2001 öncesinde, bankaların kendi grup şirketlerine ve yöneticilerine kredi kullandırması sıkça uygulanan bir yöntemdi. Yaşanan krizde bankacılık sistemi çökmüş, ekonomi yüzde 5,7 daralmış, 80 bankanın neredeyse yarısı kapatılmış, IMF'den 20 milyar dolar kredi alınmış ve finansal sistemi iyileştirmek için 47 milyar dolar harcanmıştı. Bu miktar, Türkiye'nin o zamanki ekonomik büyüklüğünün dörtte birine denk geliyordu.

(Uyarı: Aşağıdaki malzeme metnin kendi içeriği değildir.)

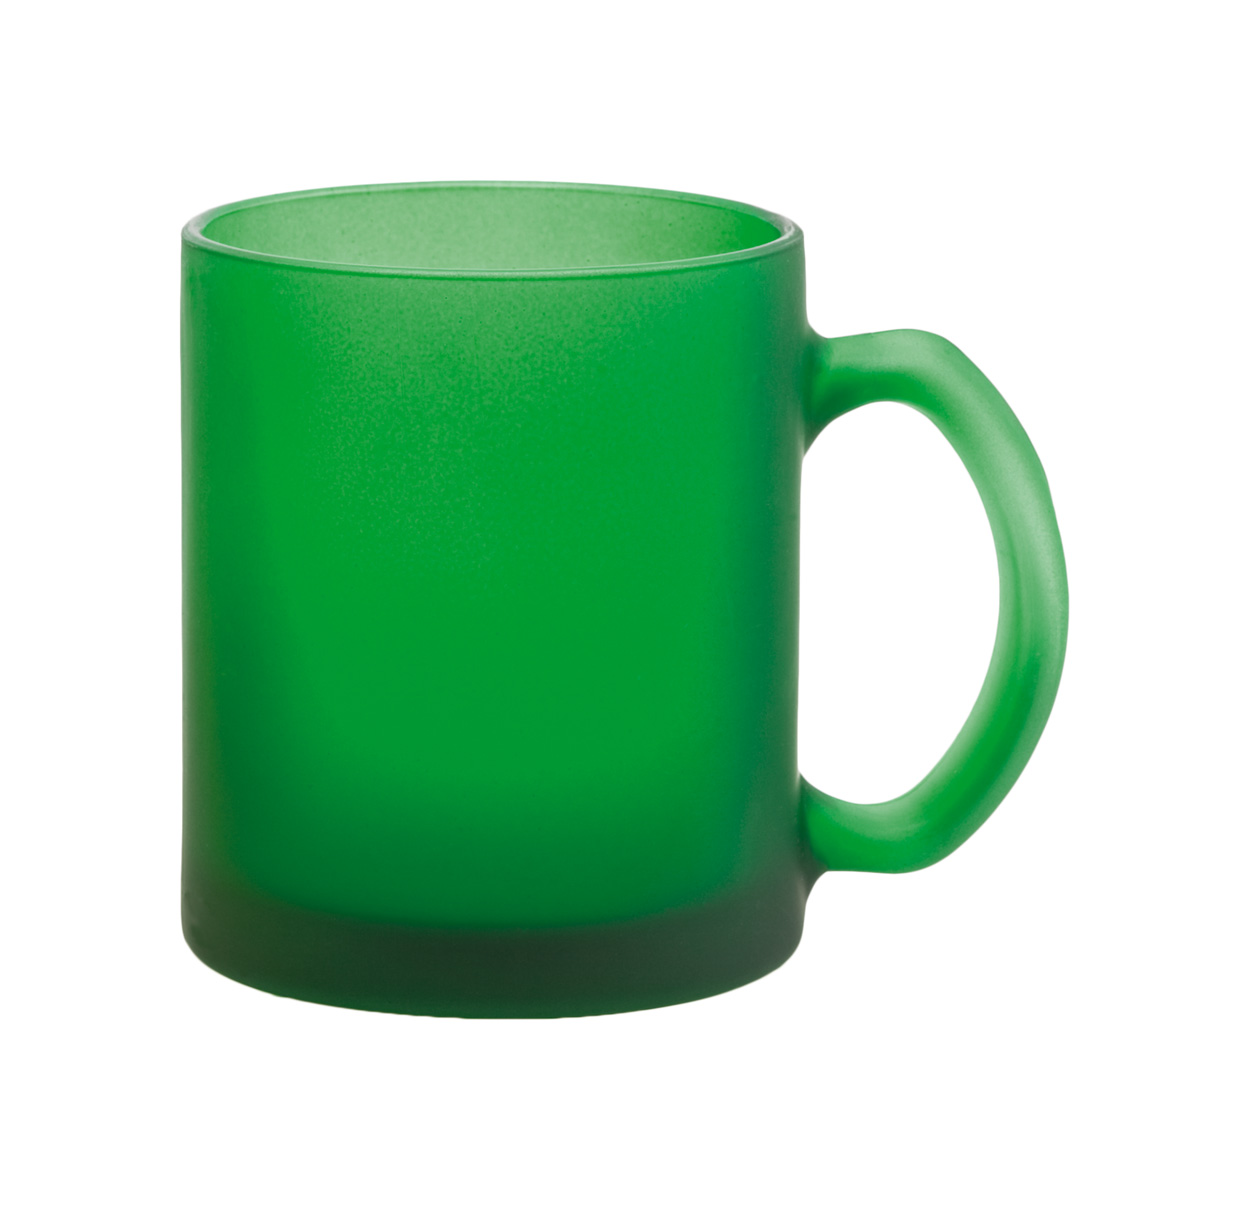 Wazi mug - green

Kriz sonrasında IMF'nin çizdiği program ile bankacılık denetimleri Ankara tarafından uygulanmış, bu da Türkiye'nin finansal kurumlarının iyileştirilmesine yardımcı olmuştu. Hatta 2008'de başlayan küresel krizi hasarsız atlatan sektör, ilerleyen yıllarda da rekor kar rakamları açıkladı.
Fakat eski bürokratlar, BDDK'nın Kuveyt Türk'ün kredisine ilişkin görüşünün, 10 yılda elde edilen kazanımlardan ödün verilebileceğine ilişkin bir sinyal olduğunu söylediler.
The Wall Street Journal Türkiye, 26 Temmuz'da Dicle Elektrik Dağıtım'ın özelleştirmesini kazanan şirkete Kuveyt Türk'ün de dahil olduğu dört banka tarafından borç verilmesinin kanuna aykırı olduğunu söyleyen uzman görüşlerine yer verdi.
Tivnikli'nin dolaylı ortağı olduğu Eksim Yatırım Holding ile yöneticisi olduğu Kuveyt Türk haberin ardından, 6 Ağustos'ta kredinin Bankacılık Kanuna'na aykırı olup olmadığına ilişkin BDDK'nın görüşüne başvurdu. 19 Ağustos'ta başvuruyu değerlendiren BDDK, Tivnikli'nin ihaleyi kazanan şirkette "dolaylı" ortak olması nedeniyle, kredinin kanuna aykırı olmadığını bildirdi.
Kuveyt Türk ve Tivnikli'nin ortak olduğu şirketler, The Wall Street Journal'a yaptıkları açıklamalarda BDDK'nın da görüşleri doğrultusunda kredinin kanuna aykırı olmadığını belirtti. BDDK Basın Sözcüsü Osman Uzun da alınan borcun mevzuata uygun olduğunu söylerken, görüş ile ilgili detaylı bilgi vermeyi ve yaratabileceği etkiler hakkında yorumda bulunmayı reddetti.
Fakat eski bürokratlar ve bağımsız denetleyiciler, BDDK'yla aynı düşüncede değil. 1994-1997 yıllarında SPK Başkanı olarak görev yapan ve daha sonra Garanti Bankası'nda üst düzey pozisyonlarda bulunan Ali İhsan Karacan, "2001 krizine kadar da neredeyse tüm krediler kanunlara uygundu. Ancak borç verme limitlerine getirilen çıta o kadar düşüktü ki herkes çıtayı aşabiliyordu. Bankalar yalnızca kanunlarla uyumlu olmamalı aynı zamanda kredi verirken etik kurallara da uymalı" diye konuştu.